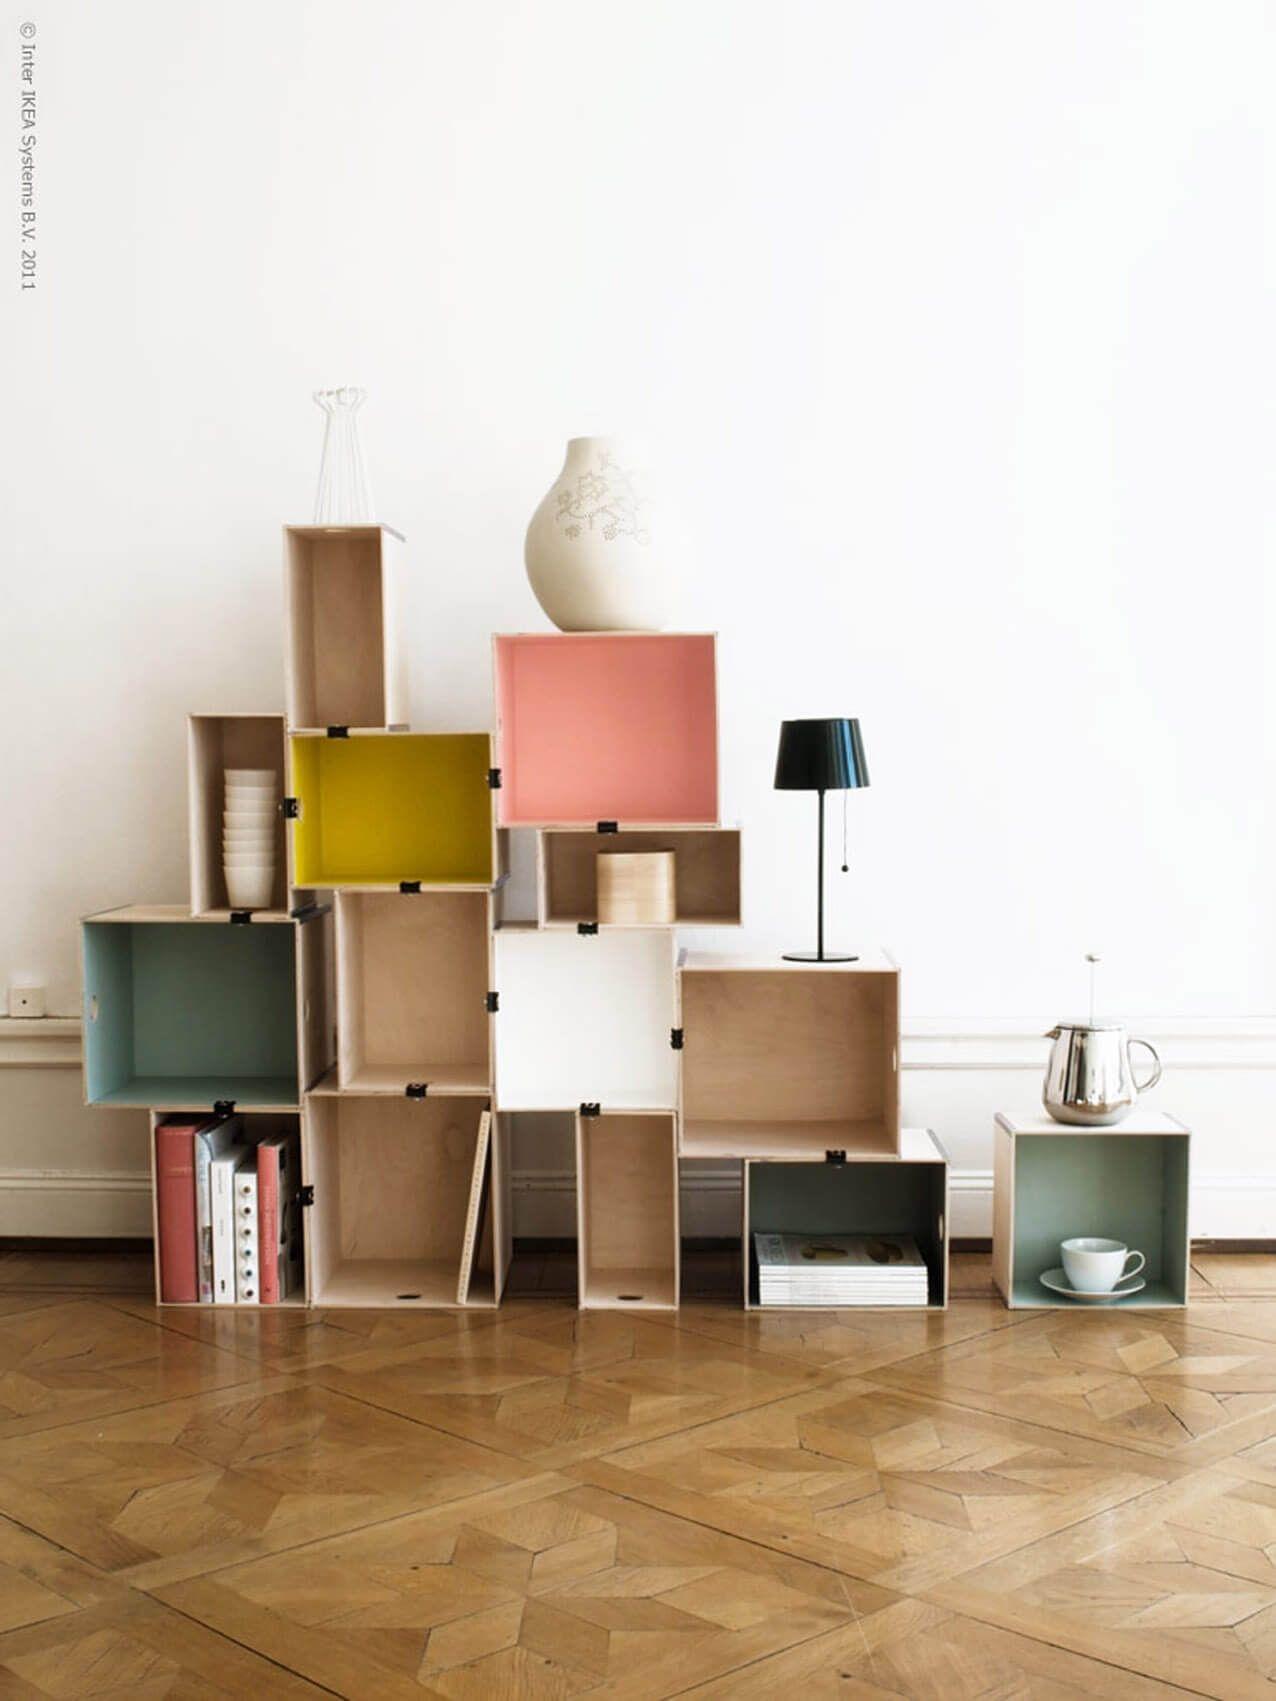 Cubist Plywood Box Bookshelf With Binder Clips
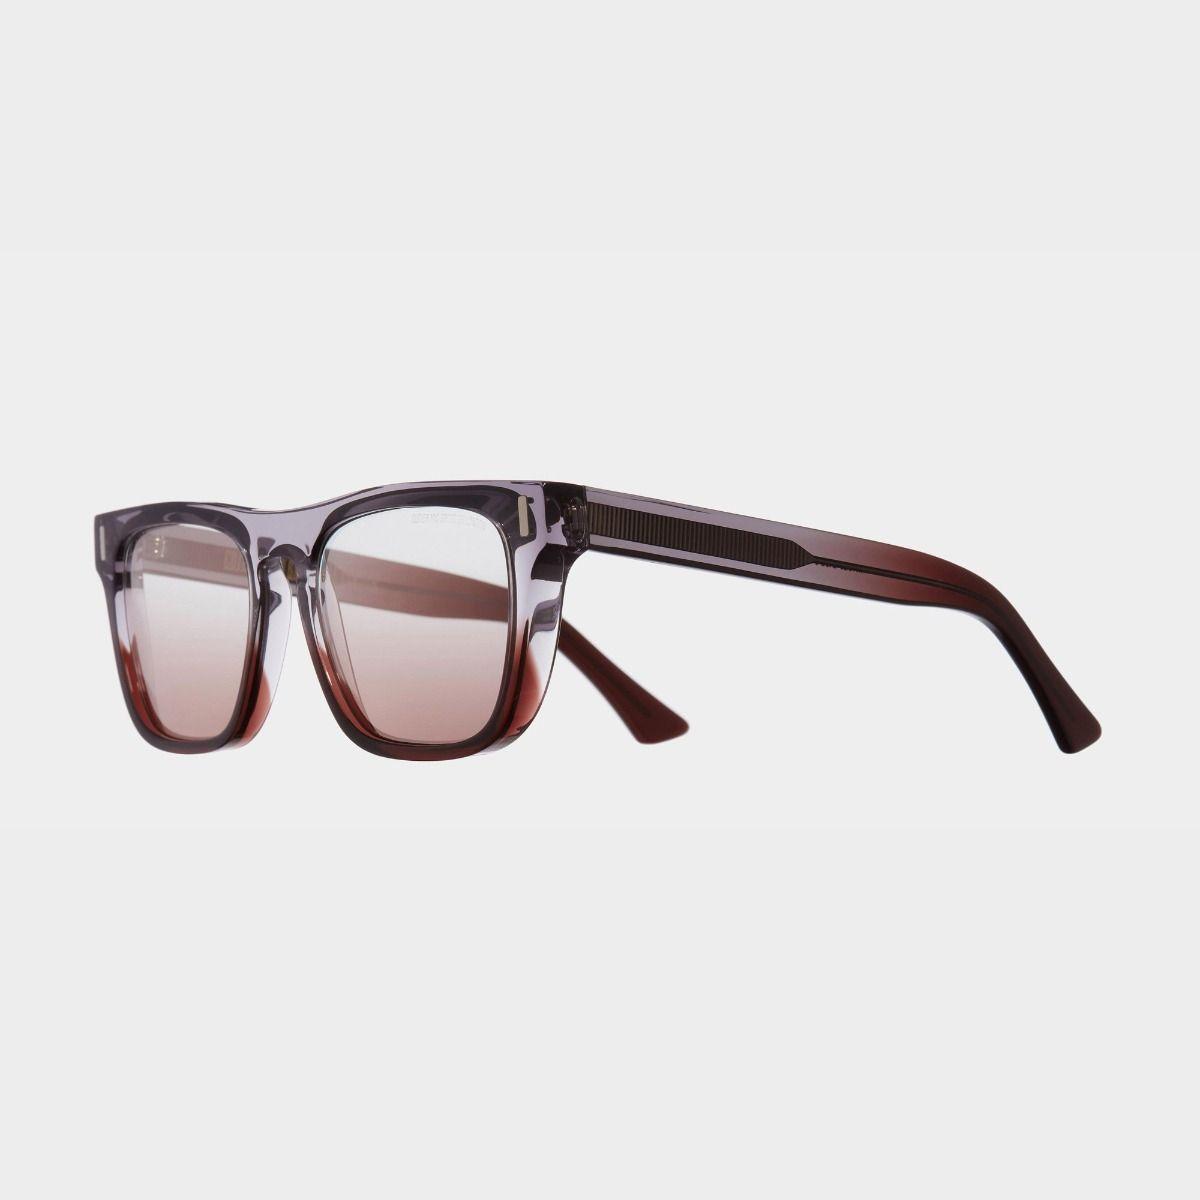 1320 D-Frame Sunglasses
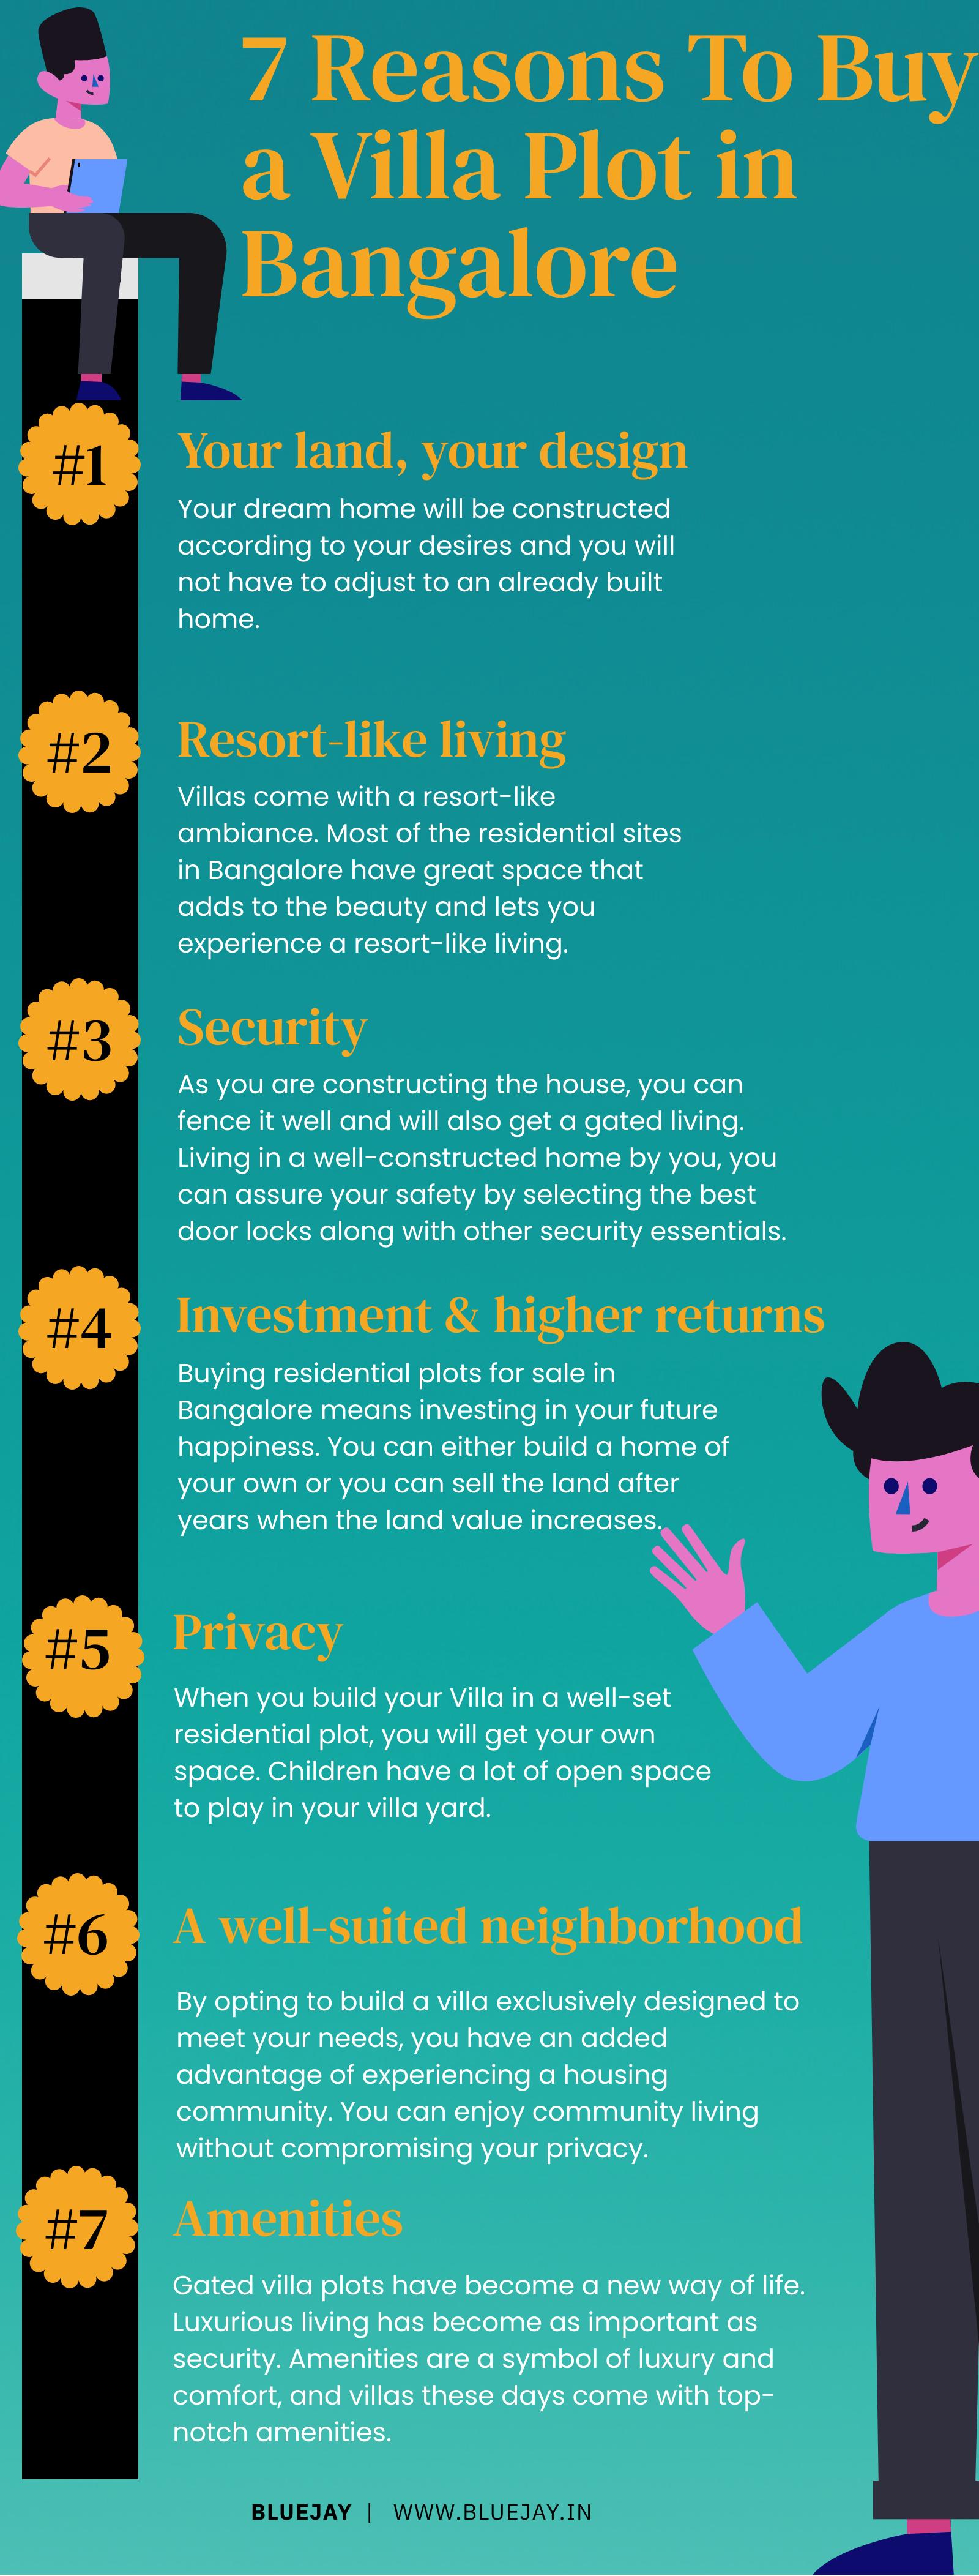 7 Reasons To Buy a Villa Plot in Bangalore

§ **Exercise description**: Would you repeat the complete listing exactly, excluding each picture it holds?

§ **Finished task**:
 Cubist Plywood Box Bookshelf With Binder Clips
 1320 D-Frame Sunglasses
 7 Reasons To Buy a Villa Plot in Bangalore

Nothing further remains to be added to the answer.